Five Rivers Electronic Innovations, LLC was an American television manufacturer based in Greeneville, Tennessee. Founded in 1997 after acquiring a facility from Philips Consumer Electronics, it produced Philips and Magnavox-branded TVs, as well as producing digital TVs for other brands. As the last American-owned television manufacturer in the United States, the company was heavily impacted by competition from low-cost, imported color TVs.

==History==

===Background===
Magnavox, an electronics manufacturer best known for its television sets, operated its main three facilities in Greeneville. Magnavox was at one time the largest employer of Greeneville, employing more than 5,000 workers. The first plant (Plant #1) was opened in 1947, and the second plant (Plant #2) was opened in 1952.

In 1962 Magnavox built its third facility (Plant #3) in Greeneville, which was the largest TV manufacturing plant in the United States. In 1974, the facilities and the Magnavox company were acquired by the Dutch electronics giant Philips. Throughout the 1980s and early 1990s, the Greeneville facility saw a fluctuation and drops in employment.

===Operational years (1997–2005)===
In May 1997 Philips sold its television manufacturing plant (including Plant #3) in Greeneville, Tennessee to Knoxville businessmen George Taylor and Charles White, who established it as Five Rivers Electronic Innovations.

On March 1, 1999, Five Rivers Electronic Innovations began manufacturing the 36-inch Loewe Art digital TV, in partnership with Sensory Science Corporation. At the beginning of 2001, the plant employed approximately 700 employees making televisions and 1,300 other employees making components whose jobs depend on television production. In February 2001, the company laid off approximately 140 workers (40 salaried and 100 hourly) due to a slowing economy.

On December 19, 2002, the company laid off 335 employees due to a slowdown in orders and a larger-than-normal seasonal adjustment. Despite the layoffs, the company expected to rehire 80–100 workers by late January 2003. Also by the end of the year, the plant began producing plastic parts for Sony.

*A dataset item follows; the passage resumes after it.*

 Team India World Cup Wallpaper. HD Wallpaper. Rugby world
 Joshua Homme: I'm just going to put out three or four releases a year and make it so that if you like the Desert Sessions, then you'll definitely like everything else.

In 2003 the company began mass-producing flat-screen CRT TVs. By early 2004 employment had dropped even further to a record low of 535 workers. In May 2004, the company recalled 150 workers and added production lines, driven by new business secured from Asian companies affected by tariffs.

On October 15, 2004, the plant laid off 110 employees due to losing the Philips contract but concurrently recalled 280 workers for Samsung production, bringing staff to approximately 812. On October 25, 2004, the company filed for Chapter 11 bankruptcy after Philips stopped selling its LCoS TVs.

In July 2005 Five Rivers Technology produced a Akai rear-projection TV what was considered the last television manufactured in America by an American-owned company. It was now on display in the Greeneville-Greene County History Museum.

===Final years (2005–2006)===
In September 2006 the company shuttered its operations, and was auctioning off estimated $3.5 million in unused equipment, including 6,500 lots of machinery.

==Competition from Chinese manufacturers==
In around 2003–2004 the company (and other US TV manufacturers) was being hurt by the imports of TV sets from China and Malaysia. Later, Five Rivers filed an anti-dumping lawsuit against Chinese TV manufacturers. On November 16, 2004, Five Rivers was used as an example in the PBS Frontline documentary "Is Walmart Good for America?".